Data >>
*** Begin section ***
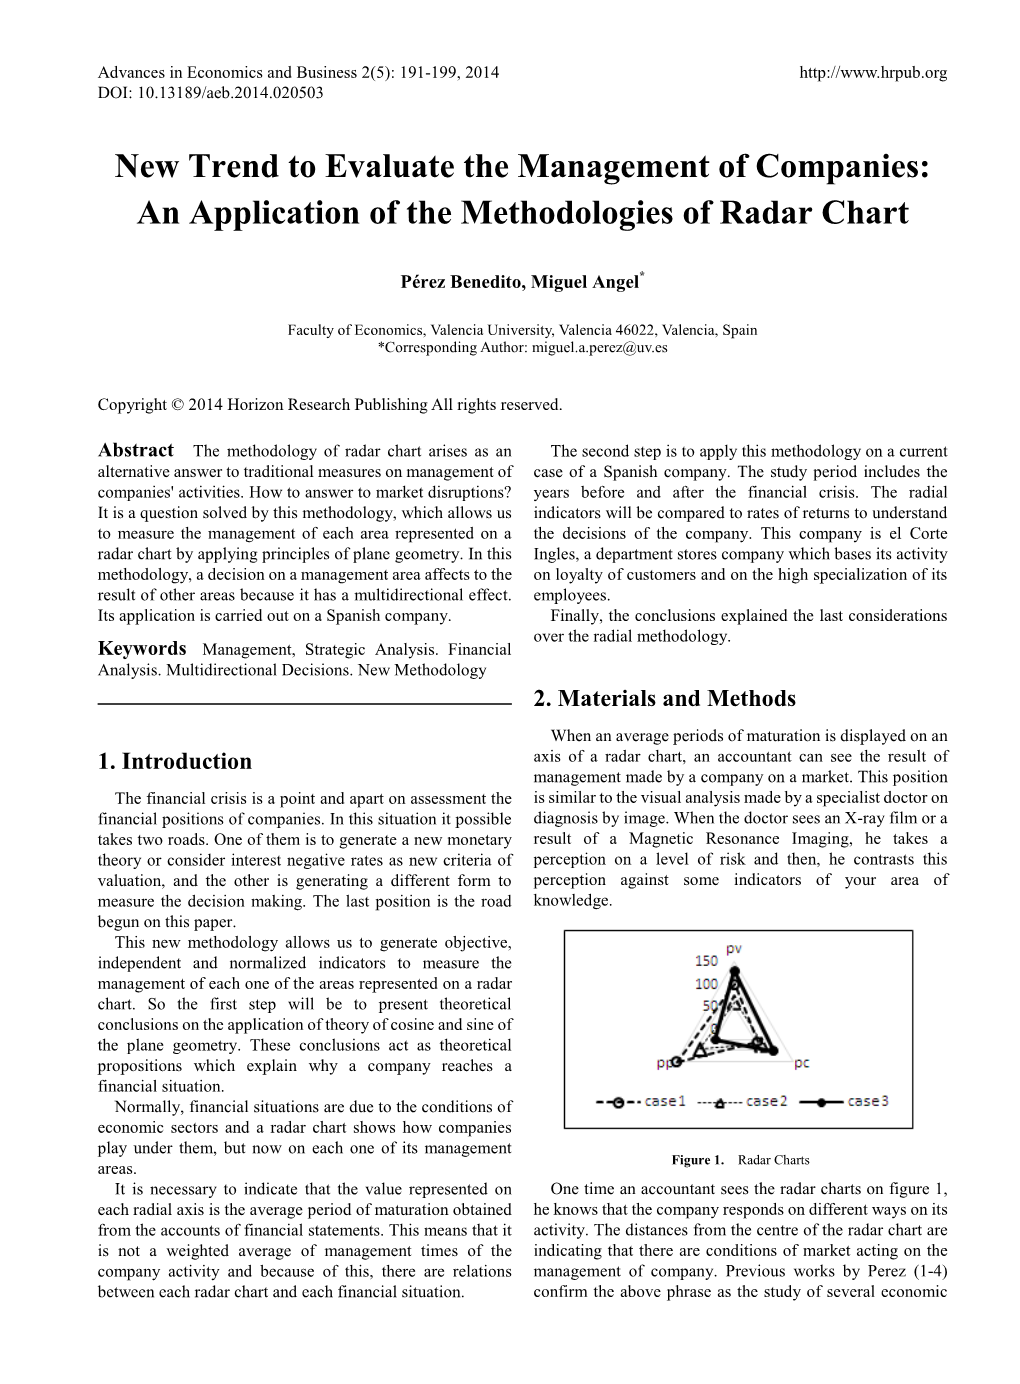 An Application of the Methodologies of Radar Chart
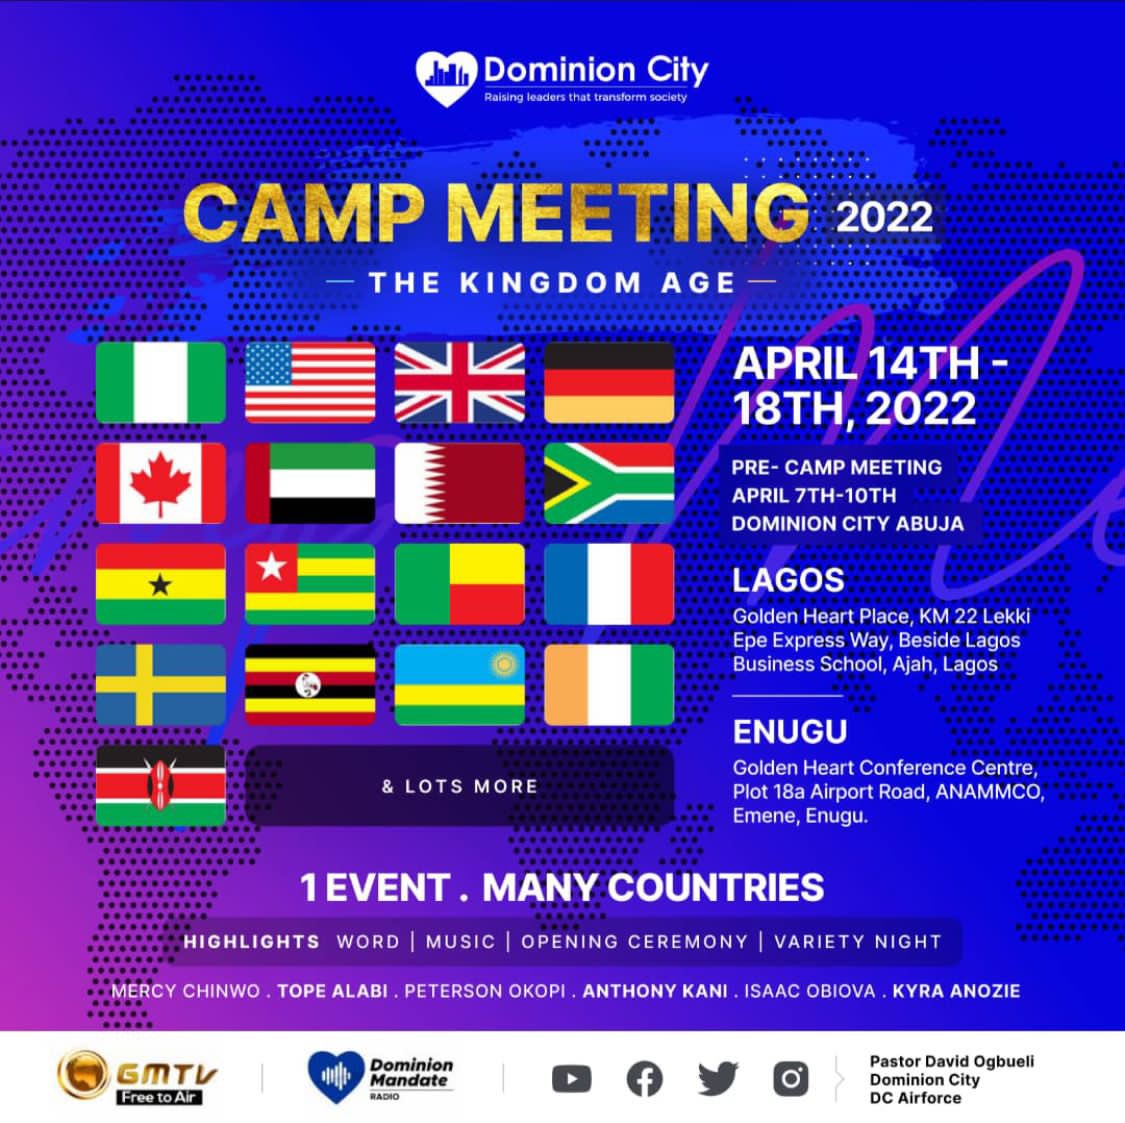 #campmeeting
#campmeeting2022
#revdavidogbueli
*** End section ***
Required work >> Word for word, restate all of the data, but do not copy the pictures.

Task output >>
 An Application of the Methodologies of Radar Chart
 #campmeeting
#campmeeting2022
#revdavidogbueli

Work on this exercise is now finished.